Heading into the last Olympics, Biles had been able to simultaneously twist and turn in the air more than anyone else in the history of women’s gymnastics. Then, seemingly, she was left broken by the difficulty of what she was attempting, as well as the toll of an array of other pressures.

Those included the crushing expectation of being the undisputed favorite every time she pulled on a competition leotard, but also the burden of being the only self-identified survivor of Larry Nassar still competing in elite gymnastics.

Recently, Biles has openly connected the “twisties” that she experienced in Tokyo—a sudden loss of air awareness that is a well-known phenomenon to gymnasts—with the overwhelming levels of stress that she was under.

“It wasn’t just a mental injury that happened called the twisties,” she said in an interview on the Call Her Daddy podcast. “It’s compressing all of this shit for so many years—it just unfolded.
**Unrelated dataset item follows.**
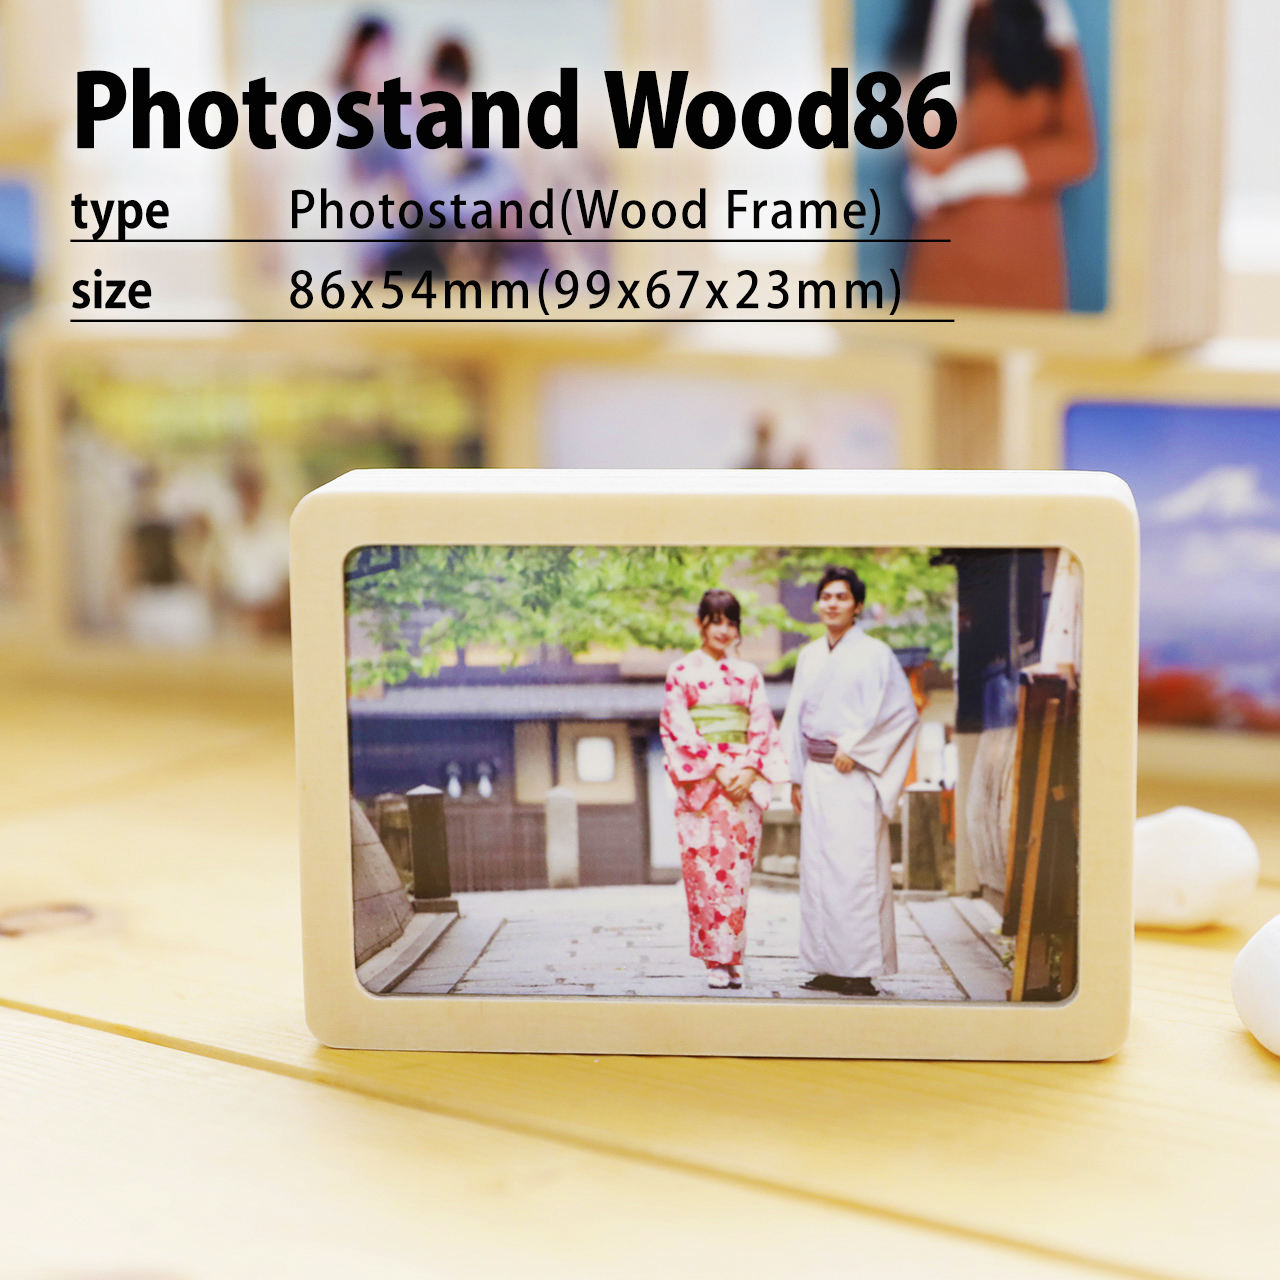 オーダーフォトフレーム木材86 木目フレームs ウッドフォトフレーム 写真プリント すまでこオンラインショップースマホの写真でオリジナルアイテム 作成

You can’t compress trauma that much longer.”

What makes her triple-double especially astonishing now isn’t just the amount of twisting it requires—it’s how far Biles has had to come to attempt it again.

“Every time I went to the gym, it was kind of traumatizing. Every time I’d flip, I’d just get flashbacks to Tokyo: ‘I’m going to get lost. I’m going to get lost,’” she recalled on the podcast.

Biles was one of three Olympic all-around champions on the competition floor in Hartford, the 2016 winner lining up alongside Sunisa Lee, who won the most coveted crown in the sport in Tokyo in 2021, and the U.S. heroine of the 2012 London Games, Gabby Douglas.

Douglas, now 28 years old, was trying to get a qualifying score that would allow her to compete in the all-around competition at the U.S. championships in two weeks. But she had a disastrous opening on the uneven bars, coming off twice.

She finished the routine, urged on by a crowd chanting “Gabby, Gabby,” but withdrew from competing on the other three apparatus.

Lee, who is 21 years old, has been diagnosed with kidney diseases that severely hampered her ability to train in the last year. She turned in solid performances on the balance beam, floor and vault, and will debut a new uneven bars routine later in the month.

“I really just wanted to get out there and compete again,” Lee said. “We’re still working on that routine and it’ll be a surprise for the next couple of competitions.”

Even in a field that sounds like a gymnastics fan’s fever dream, though, the suspense was all around Biles—and how she would look when the season-end is Paris, with the five Olympic rings that make everything different.

What she showed is just how much stronger she is.